En realidad nada, quisiera decirle, sólo tocarle un poco las narices, hacerle perder la estudiada clase y teatralidad que demuestra allí por donde va, incendiar la imagen de falsa abnegación que se gasta y, una vez expuesta su verdadera naturaleza y sus miserias, tirar del hilo, a ver qué encuentro bajo esa careta. Lo único que hago, en cambio, es preguntarle qué pasaría con su situación si, a efectos legales, Julio tuviera más hijos que los reconocidos, si sospechaba que pudiera tener una relación con alguien más y si por un casual le suena el nombre de Olvido Ugalde.
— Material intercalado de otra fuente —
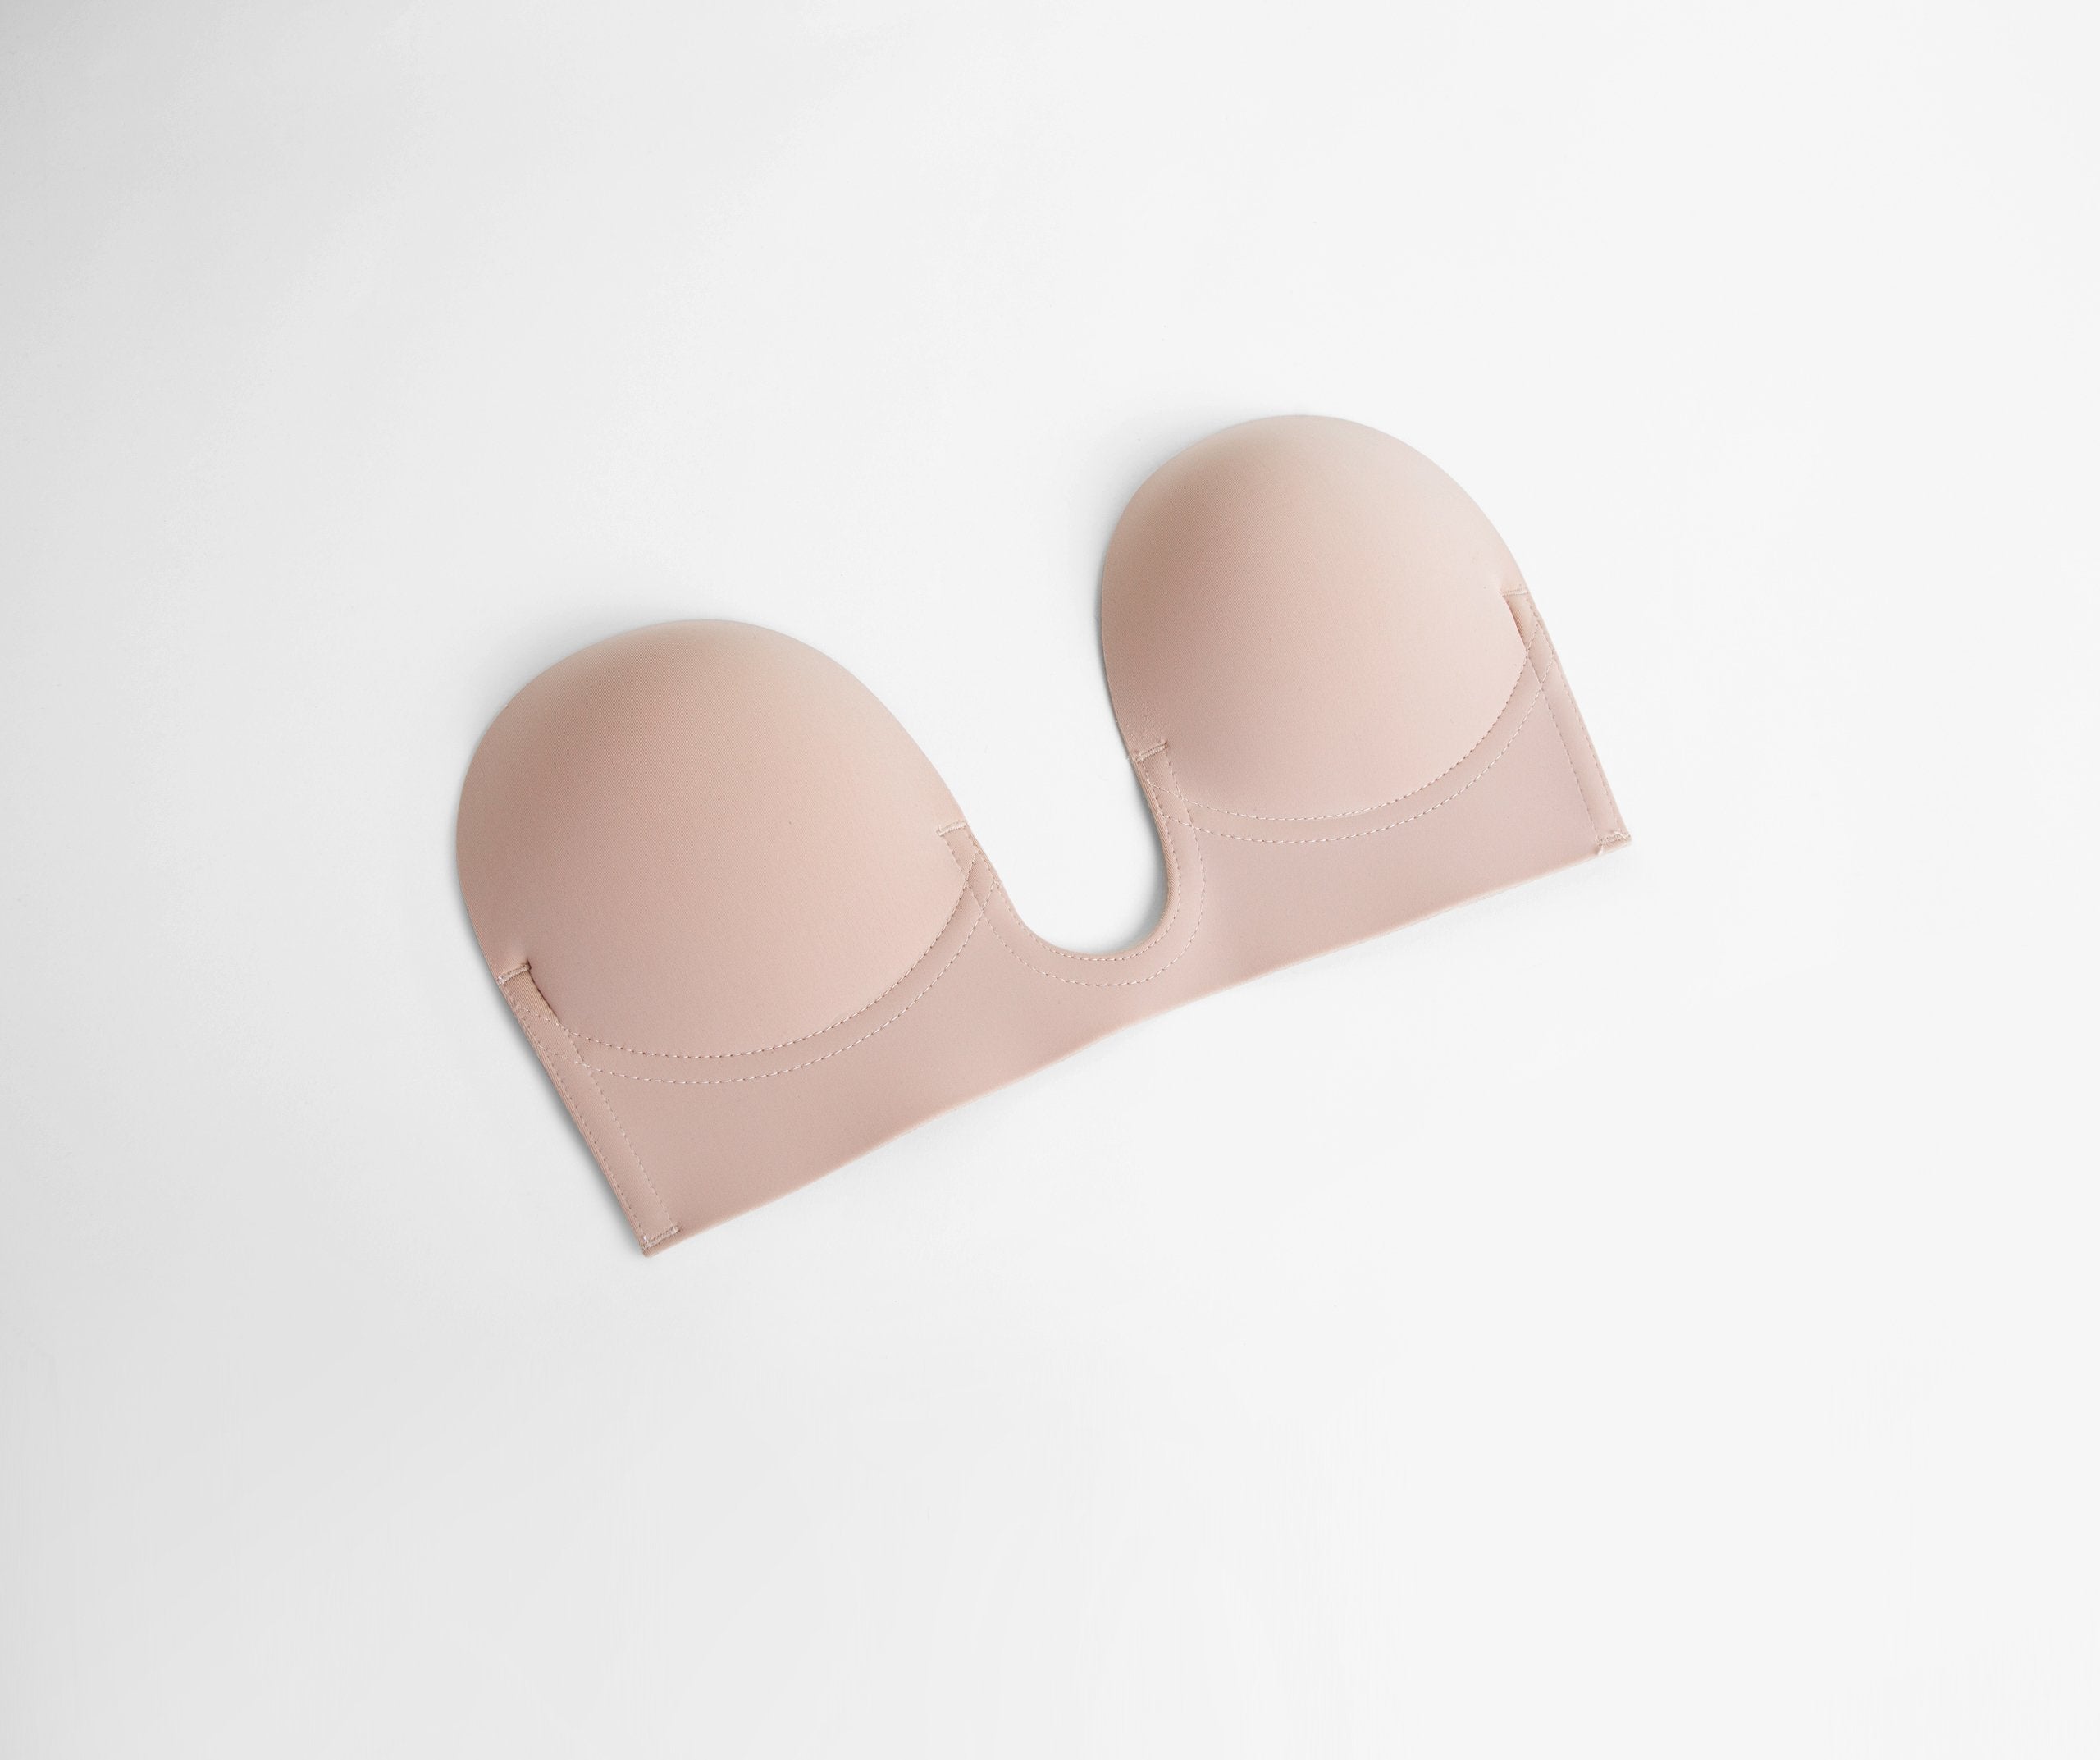 Plunging Adhesive Bra - Lady Occasions

Para mi absoluto desconcierto, he de reconocerlo, se desmorona como un castillo de arena ante una leve brisa y, entre hipidos y sollozos desaforados, muy en contradicción con el alarde de compostura que antes mostraba, lo desembucha todo: que su matrimonio era una farsa, que como pareja hacía años que habían perdido la ilusión y la pasión, que no quedaba nada más que la rutina de fingirse unidos ante las amistades, que la llegada de Esteban recién acabados sus estudios no fue más que el agravante y la situación tornó a peor a raíz de las broncas entre padre e hijo por cómo dirigir sus empresas y que, para qué negarlo ahora cuando todo ha perdido su sentido, Julio se veía con alguien. Pero, jura y perjura, ella nunca quiso averiguar con quién. Lo que sí sabía con certeza es que lo que más deseaba su marido en el mundo era otro hijo varón. No por cuestiones de reafirmación personal, orgullo de macho o futura herencia patrimonial, sino para corregir todos los errores cometidos con su primogénito: él estaba seguro de que había criado mal a su primer hijo, que sus rarezas y su frialdad no eran su auténtico carácter sino una pose que asumía para castigarlo, para hacerle sentir culpable por la muerte de su madre, para que se doliera tanto como él de que lo enviaran a internados en el extranjero en lo que creía un evidente intento de quitárselo de en medio. Sostenía que, de tanto fingir desprecio y hostilidad, había acabado por creérselo hasta convertirse en un niño amargado, un joven con cara de ángel que le martirizaba a cada rato. No se lo perdonaba, y cuando regresó a lo que nunca debió dejar de ser su hogar la ruina se instaló definitivamente entre ellos y su matrimonio se desmoronó por completo. Yo aguantaba como podía a base de pastillas y abrigos de visón -admite sin un asomo de culpabilidad que merece toda mi admiración-, y cada vez me iba venciendo más el miedo y la presión porque, por más que lo intentáramos, no lograba cumplir su más preciado deseo: no pude darle un varón, no le di la oportunidad de corregir su error, confiesa pretendiendo convencerme con su mirada húmeda, aunque sospecho, y tengo fundadas pruebas para hacerlo, que lo único que procuraba era asegurarse ese heredero que, como Esteban me reveló en su vileza, hubiera provocado el ansiado incremento en su parte de la herencia.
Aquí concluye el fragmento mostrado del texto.